Directions -
Your answer must be an exact copy of the data below, minus any pictures.

*** Opening of The data ***

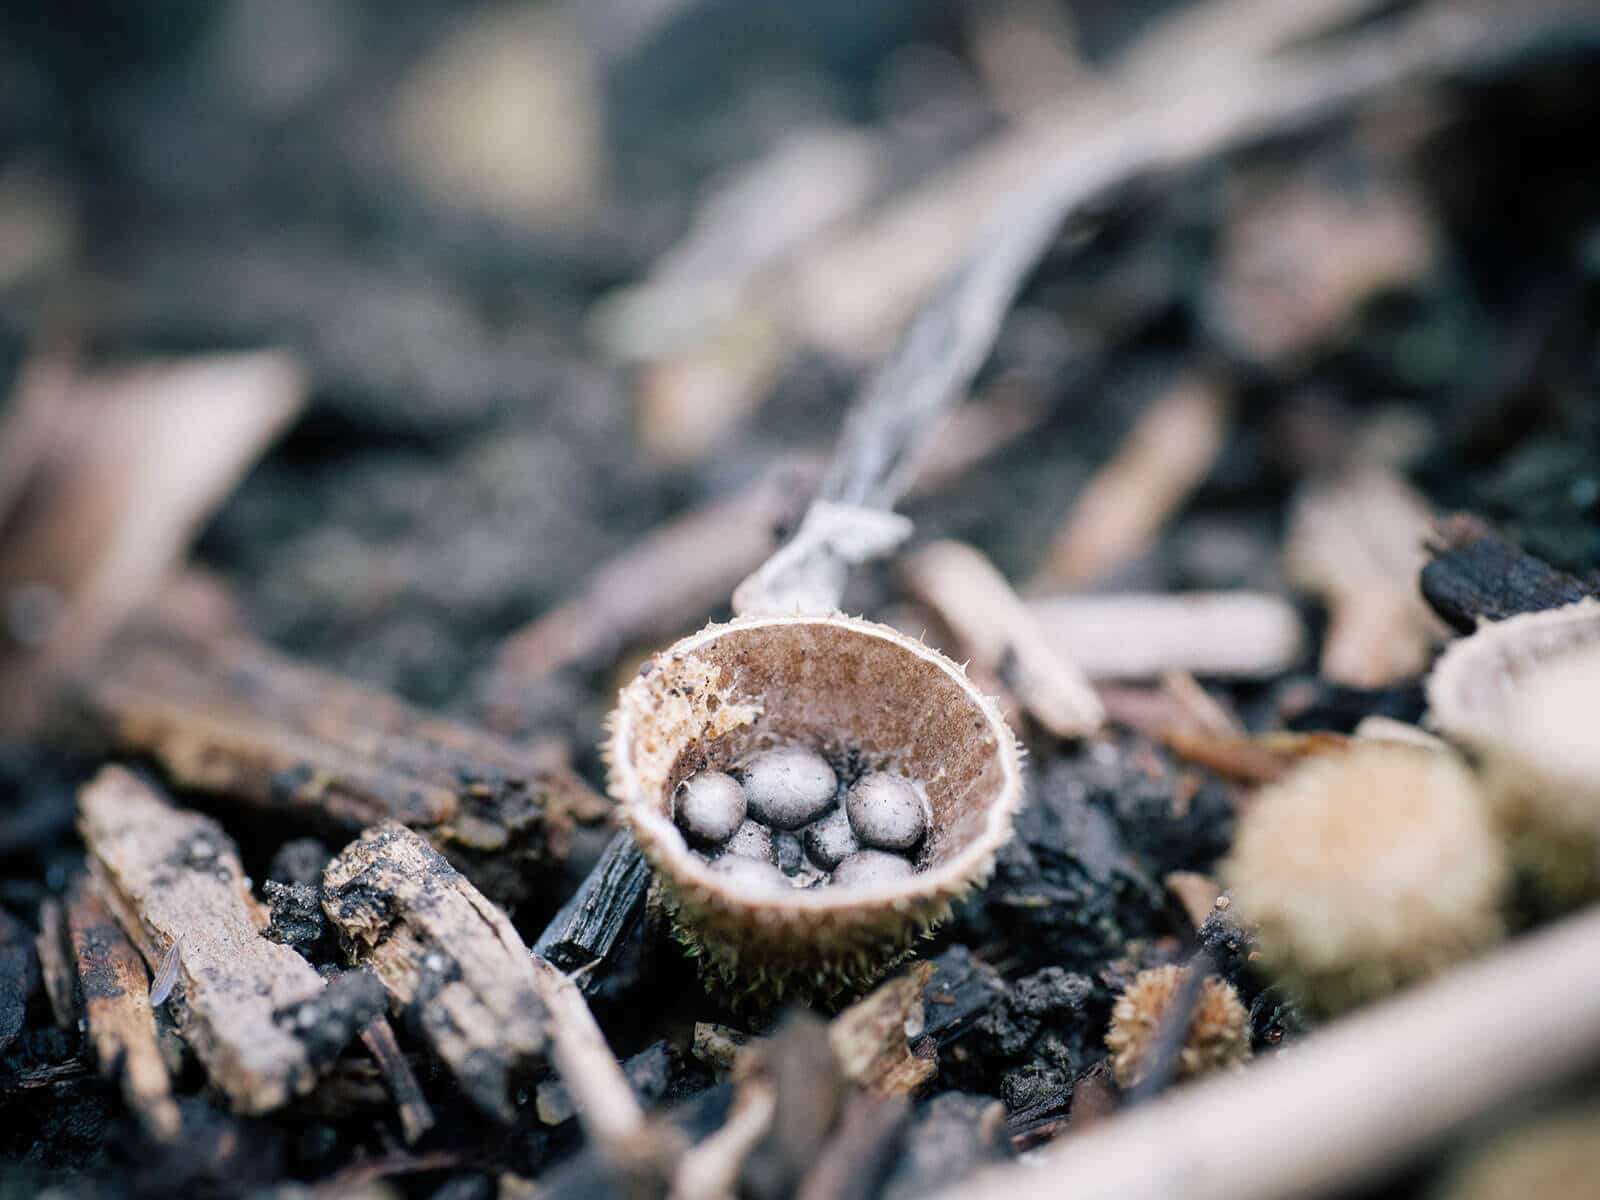 A bird's nest fungus cup with dark gray periodoles inside
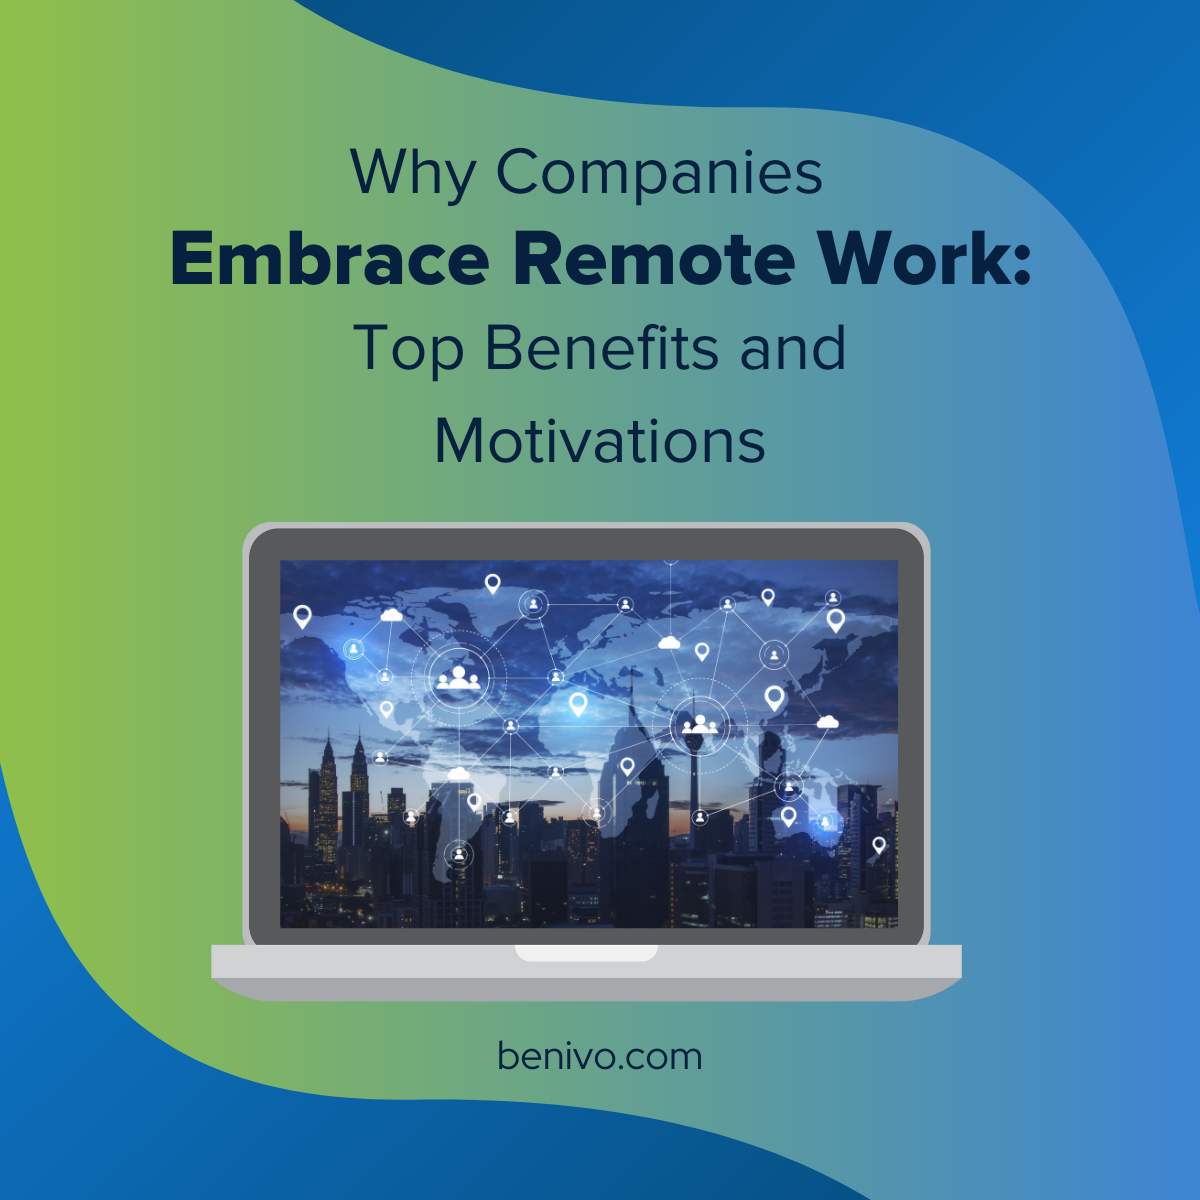 Why Companies Embrace Remote Work: Top Benefits and Motivations
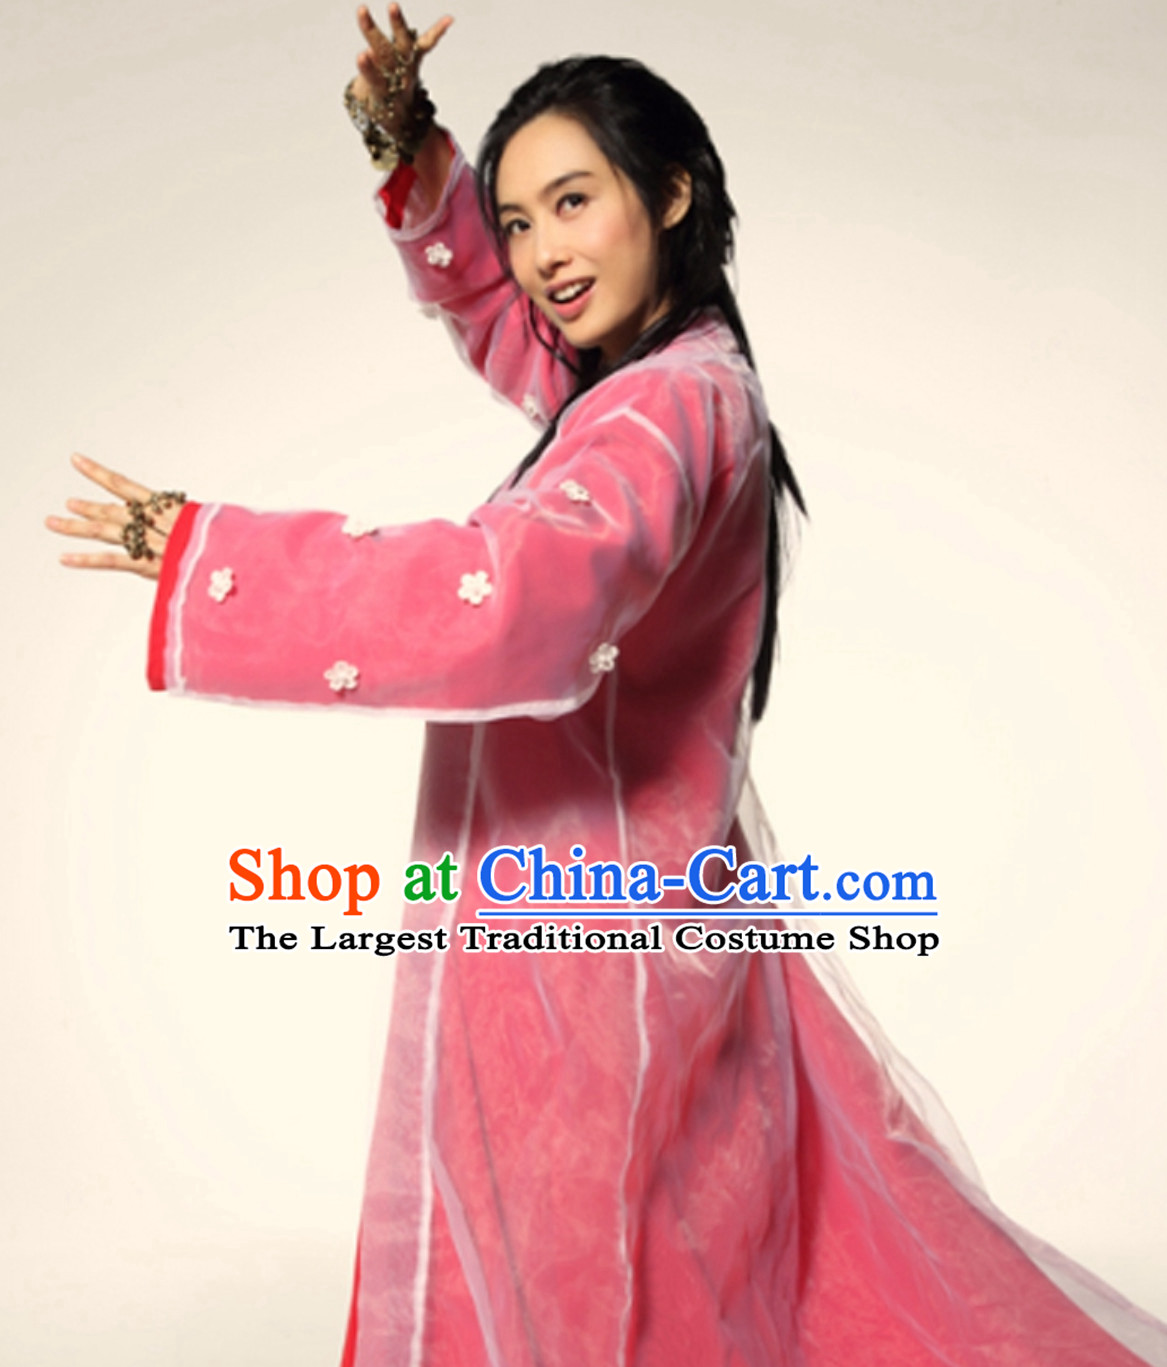 Journey to the West Stephan Chow Version Zhu Yin Zi Xia Fairy Costume Complete Set
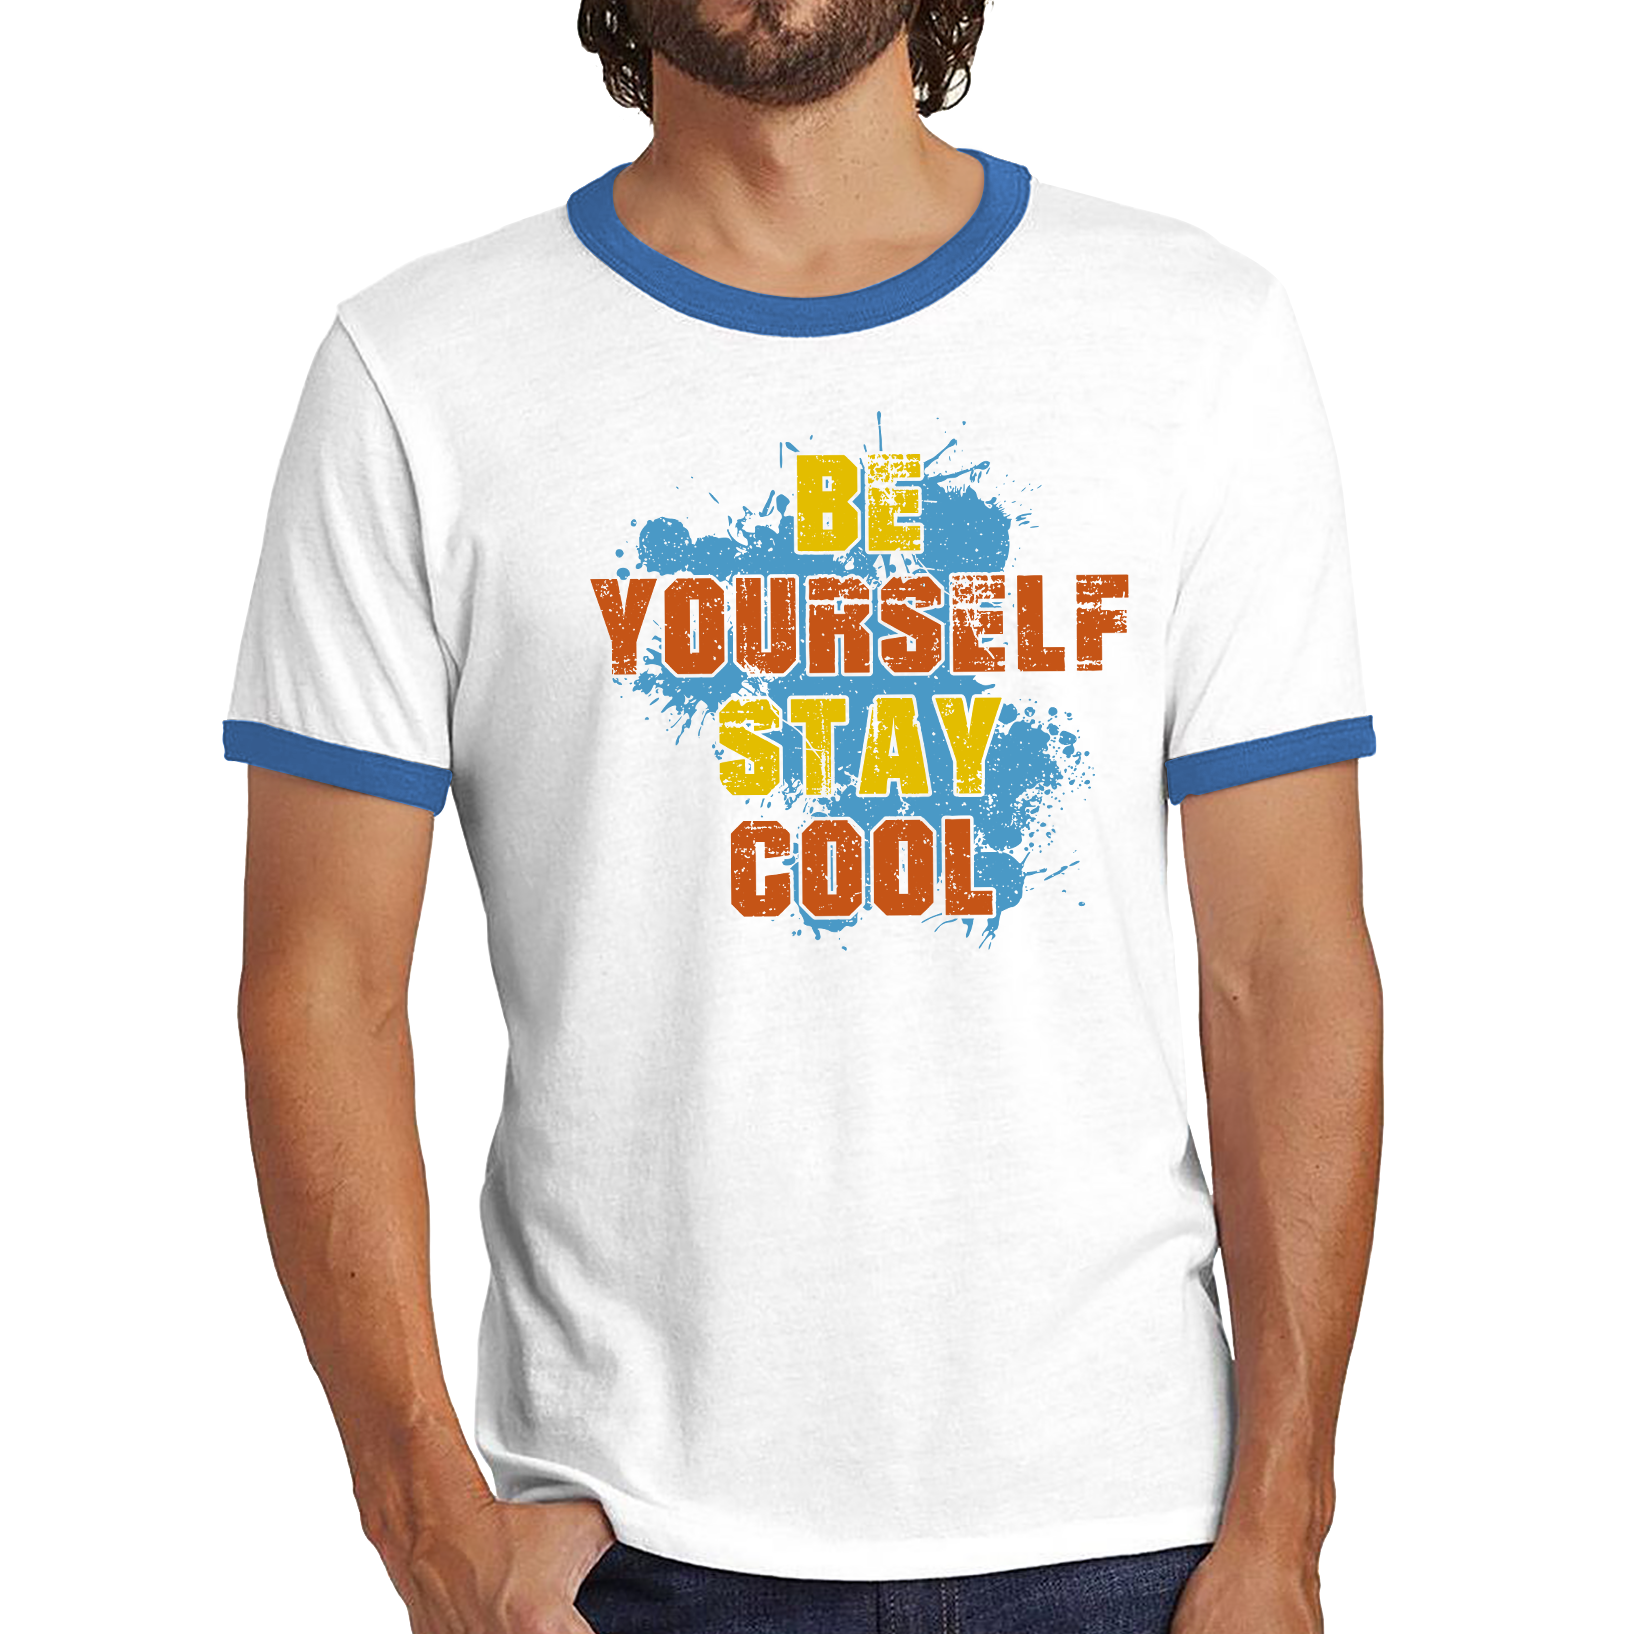 Be Yourself Stay Cool Shirt Inspirational Motivational Quote Ringer T Shirt

*** Close of The data ***

Answer section -
 A bird's nest fungus cup with dark gray periodoles inside
 Why Companies Embrace Remote Work: Top Benefits and Motivations
 Journey to the West Stephan Chow Version Zhu Yin Zi Xia Fairy Costume Complete Set
 Be Yourself Stay Cool Shirt Inspirational Motivational Quote Ringer T Shirt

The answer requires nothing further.